14 Ocak 2014 Salı

KORKU VE PANİK


Hepimizin günlük hayatında kimi zaman yoğun, kimi zamanda hafif hissettiğimiz fakat farkında olmasak da kişiliğimizin işleyişinde, duygularımızın ve davranışlarımızın oluşum sürecinde son derece belirleyici bir duygudur.
Korku esasında bir alarm duygusudur. Herhangi bir tehlikeyle karşı karşıya kaldığımızda o tehlike ile baş edebilmek, eğer baş etmek mümkün değilse o tehlikeden uzak kalmamızı sağlayıcı bir duygudur.
Kim karar veriyor karşı karşıya kaldığımız durumun bizim açımızdan tehlikeli olup olmadığına? Korteks diye adlandırılan, beynimizin yüzeyini kaplayan, nöronlar açısından son derece zengin olan aklın ve vicdanın üzerinde çalıştığı, bilinçli zihin, irade olarak da adlandırdığımız üst beyin mi karar veriyor? Yoksa daha ilkel, nöronlar açısından biraz daha zayıf, zekâ yaşı 9-10 olan, erişimimizin daha az olduğu alt beyin mi karar veriyor bu durumun bizim açımızdan tehlikeli olup olmadığına? Korku bir duyguysa ki güçlü bir duygudur. Duygular beynimizin alt kısmı tarafından, yani hayvan beyni tarafından oluşturulur. Evet içinde bulunduğumuz o durumun bizim açımızdan tehlikeli olup olmadığına alt beynimiz karar veriyor. Alt beynimizde nasıl karar veriyor? Geçmişteki yaşantılardan hareketle karar veriyor. Fakat bu deneyimler sınırlı deneyimler. Geçmiş derken de yakın geçmişten değil çocukluk döneminden bahsediyoruz. Geçmişteki yaşantılardan hareketle olayı anlamlandırıyor. Eğer tehlikeli olduğuna hükmetmişse ki bunu saniyenin onda biri kadarki zamanda yapıyor, hemen uygulamaya geçiyor.
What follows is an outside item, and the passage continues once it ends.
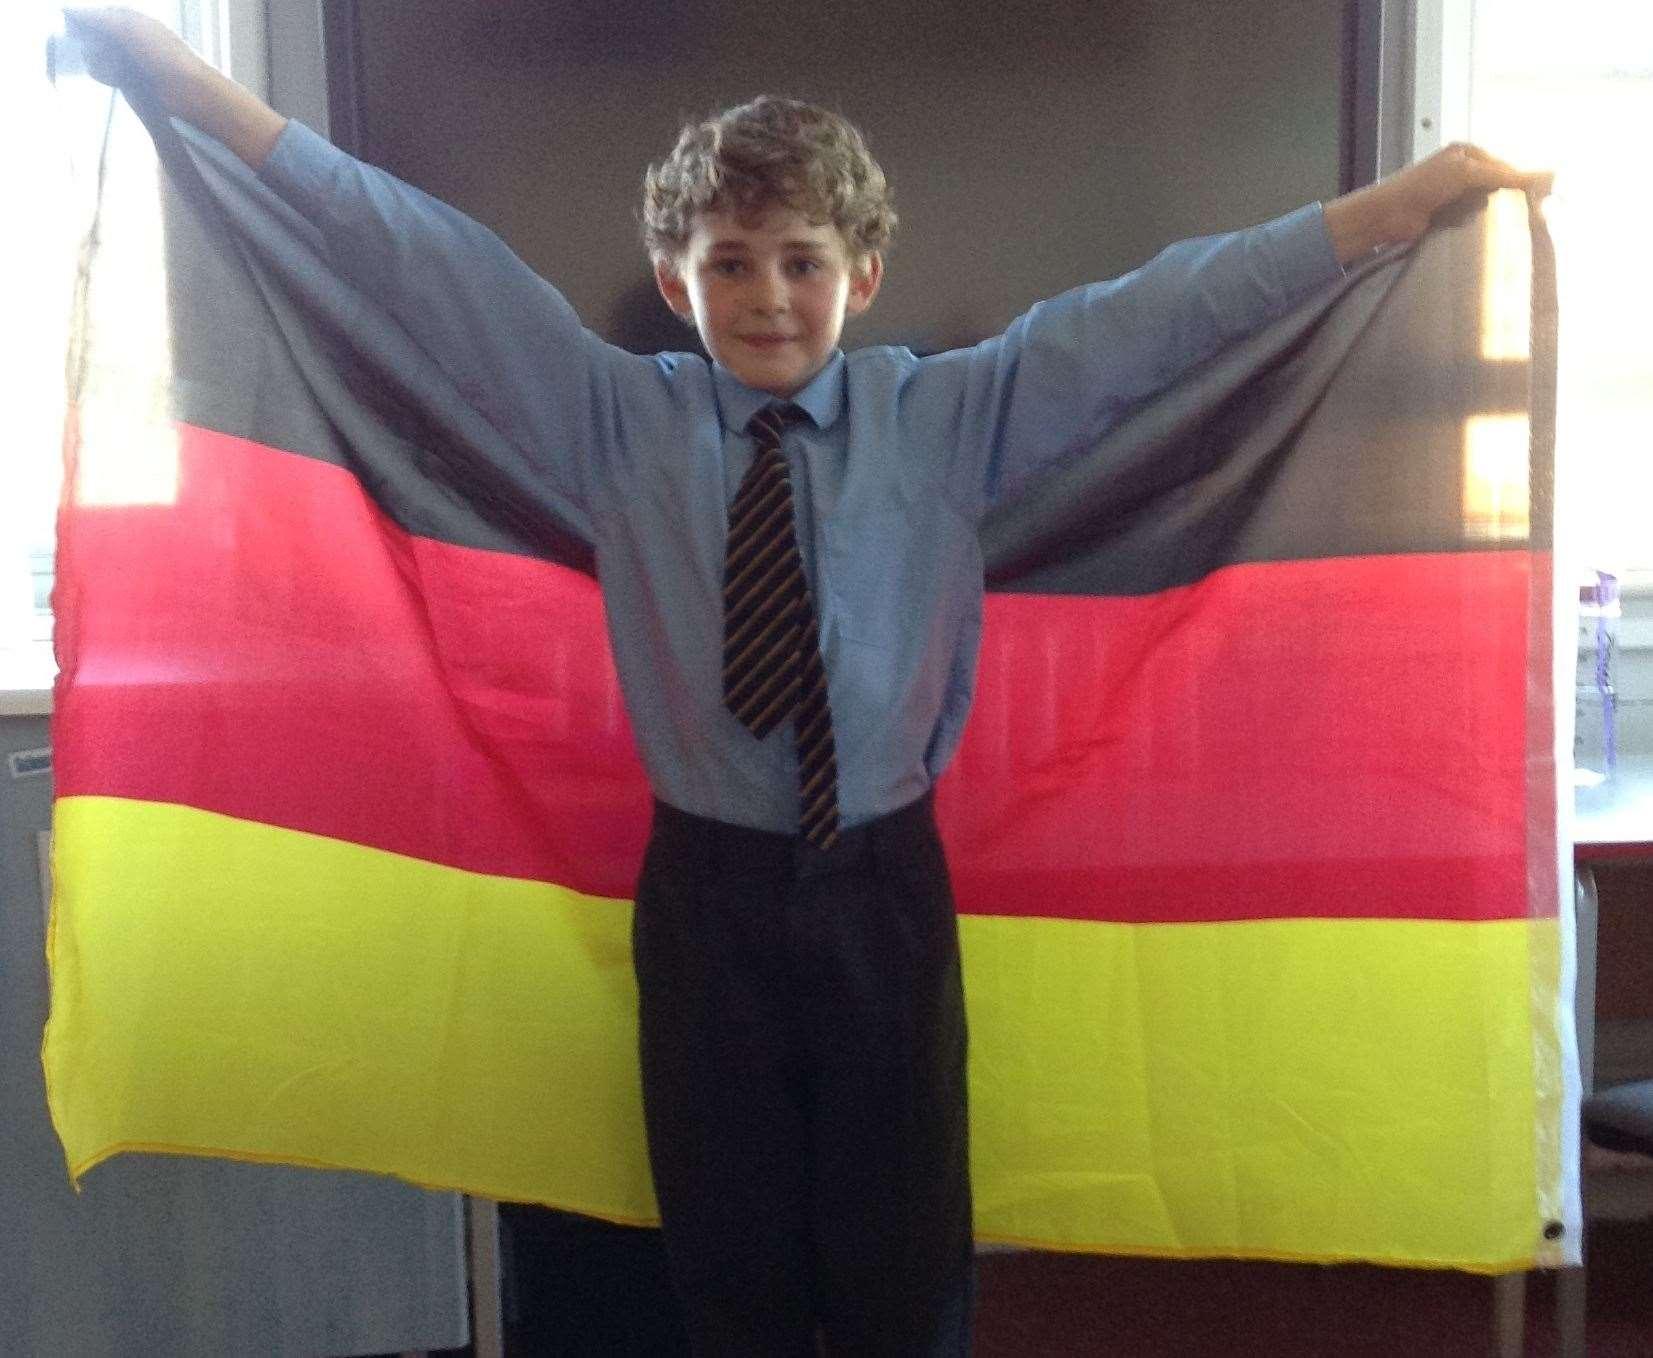 Tommy Oxford gewann den ersten Platz bei der Deutschen Olympiade in der 5. Klasse an der Brandeis School in Graveson.  Bild: Markenschule

Böylesine başıbozuk, böylesine terbiyeden yoksun bir yapı, kontrol edilmesi gereken bir yapı. Terbiye edilmediği takdirde alıp bizi hiç istemediğimiz yerlere sürükleme potansiyeline sahip bir yapı. Ne yapıyor? Düğmeye basıyor tehlikeyle karşılaştığımızda o durumdan uzak kalmamız için.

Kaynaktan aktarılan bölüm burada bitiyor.